- Sire: Fastnet Rock
- Grandsire: Danehill
- Dam: Strega
- Damsire: Lake Coniston
- Sex: Gelding
- Foaled: 14 September 2007
- Country: Australia
- Colour: Bay
- Breeder: J. M. Cappellin
- Owner: Louise Hinton
- Trainer: John Moore

= Captain Sweet =

Australian-bred Thoroughbred racehorse

Captain Sweet ( 甜將 ; foaled 14 September 2007) is an Australia-bred, Hong Kong-based retired racehorse. He won five races in the 2010–2011 season. He was one of the nominees for 2010–2011 Hong Kong Horse of the Year. Captain Sweet was owned by Wong Chin Leung during his racing career, but has now been returned to Australia for his retirement.
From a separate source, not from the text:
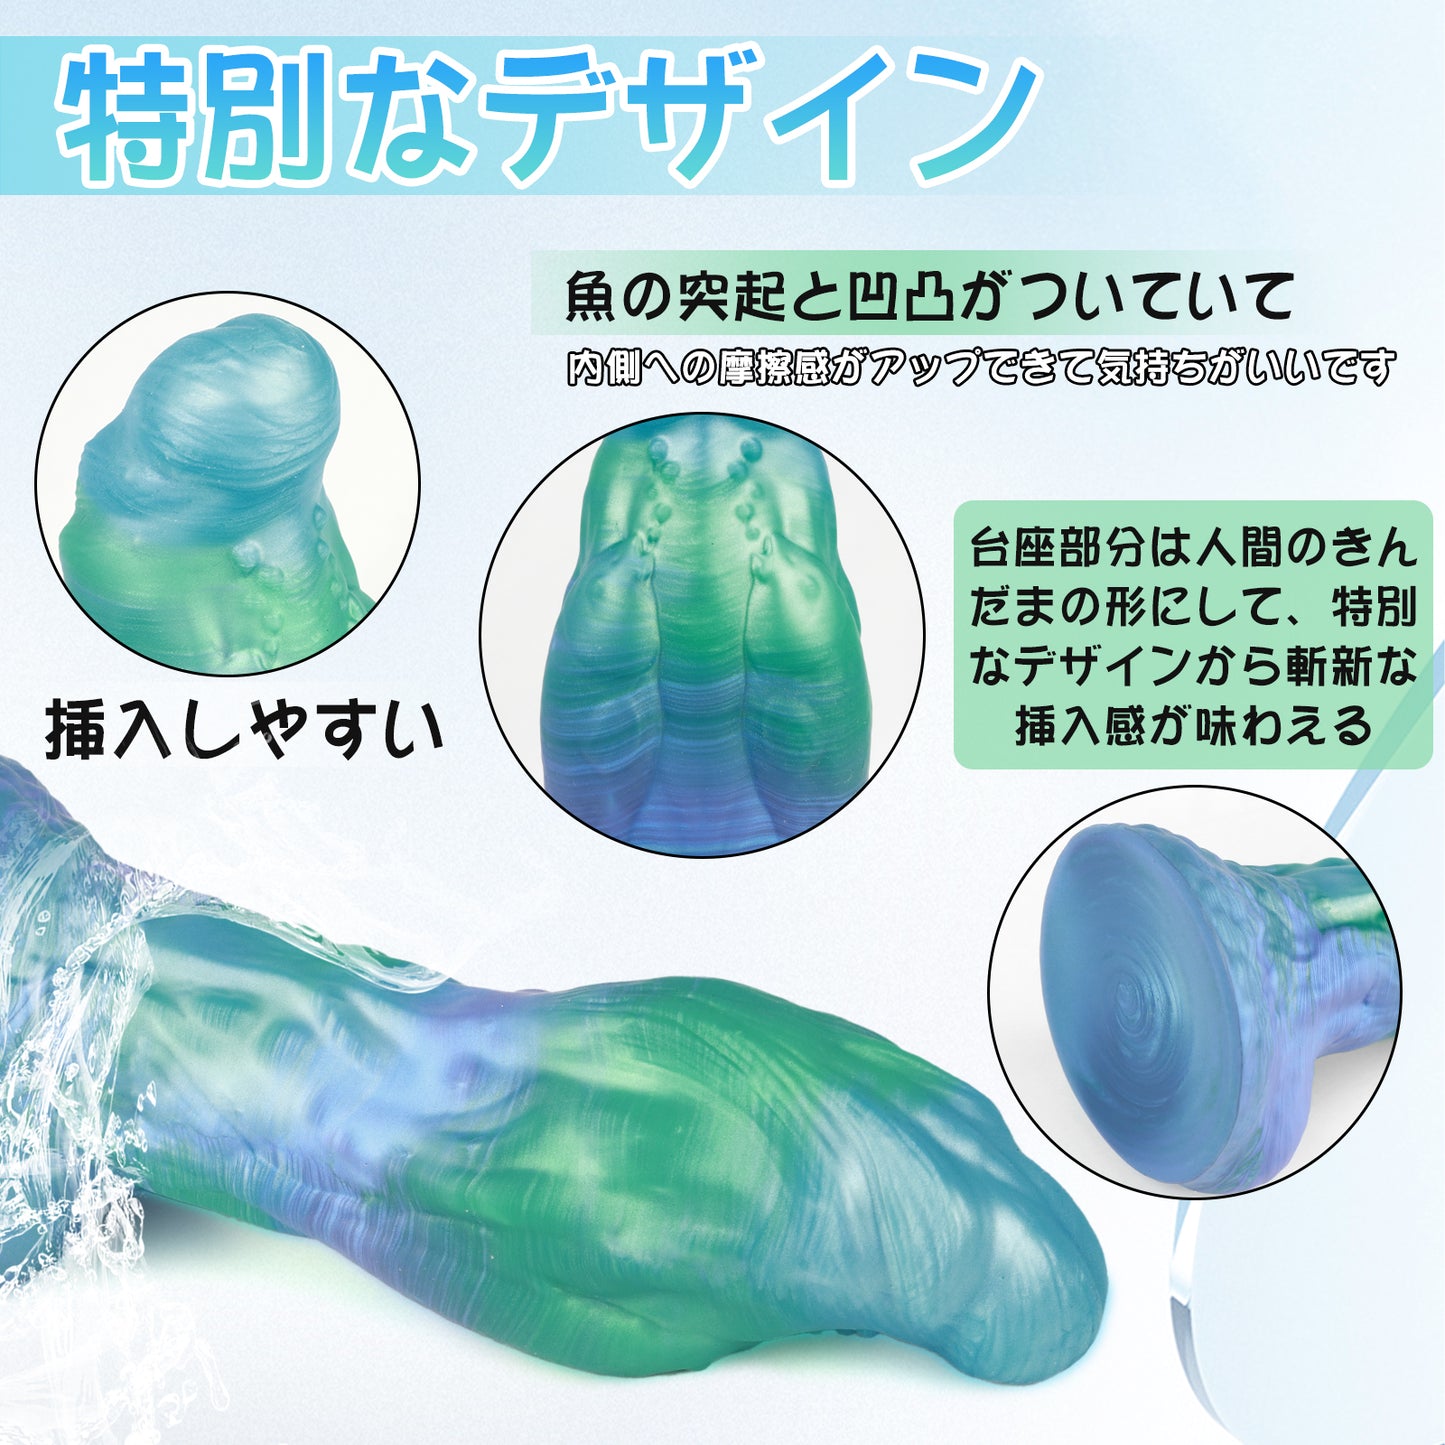 maparon ryugyo肛门塞肛门发育G点刺激公寓有一个带有蓝色液体硅的基座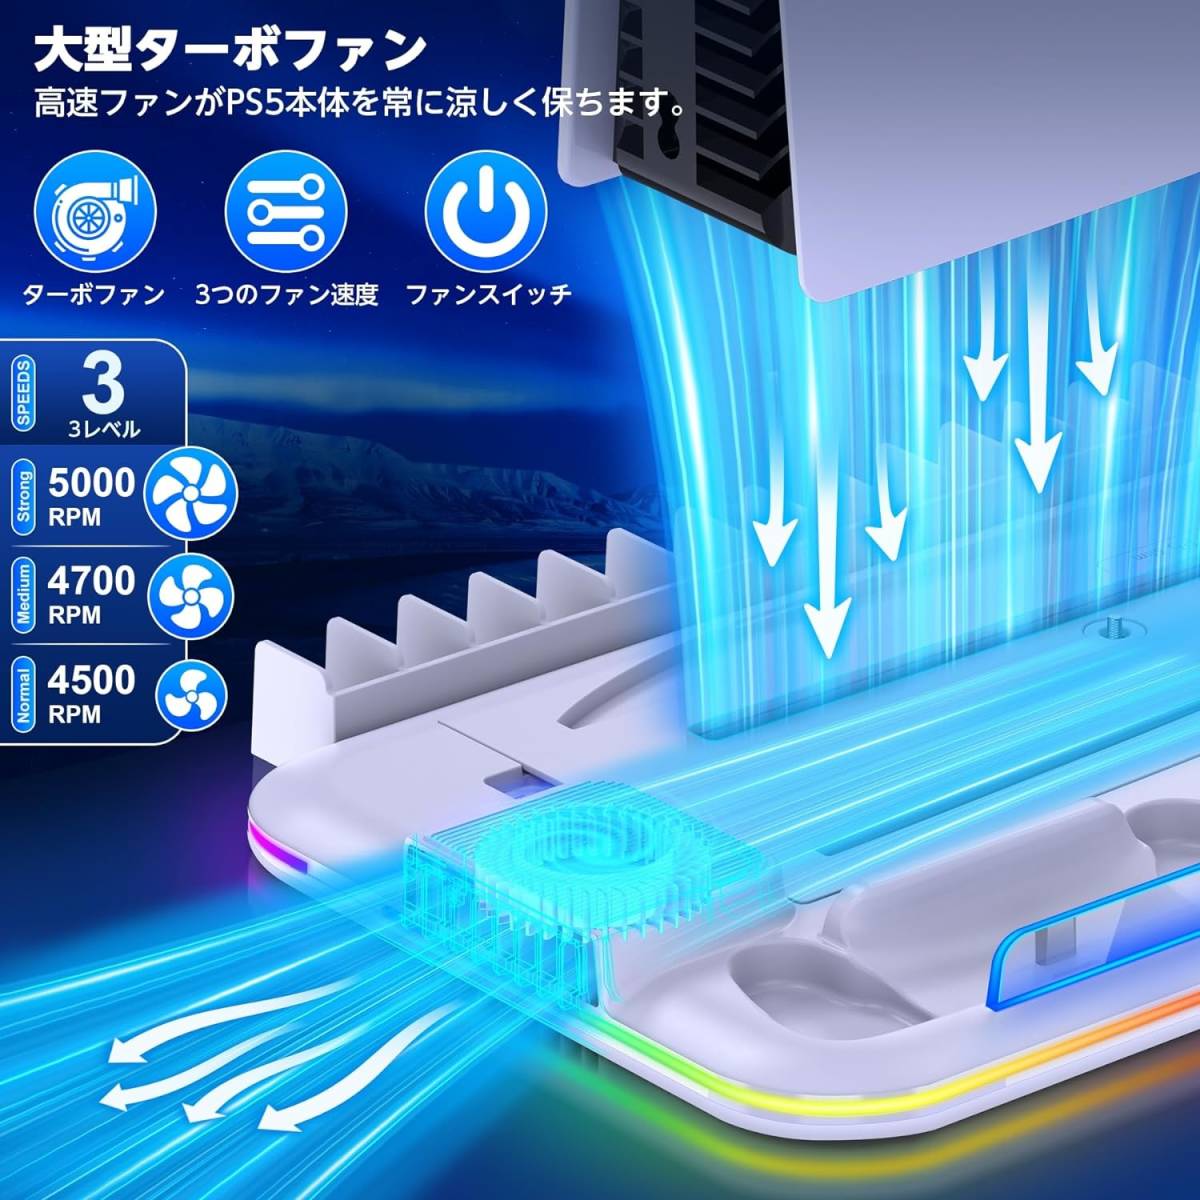 PS5スタンド PS5 縦置き 冷却 スタンド PS5 コントローラー 充電スタンド 2台同時充電 3段階冷却

Sharing a paddock with two retired Melbourne Cup runners, he is now enjoying a slower pace of life.

==Background==
Captain Sweet is a bay gelding, bred in Australia by J. M. Cappellin. He was sired by Fastnet Rock, an Australian sprinter whose progeny include Foxwedge (William Reid Stakes) and Atlantic Jewel (The Thousand Guineas).

==Racing career==
Based at Sha Tin Racecourse, Captain Sweet has won seven races and over HK$5M in prize money.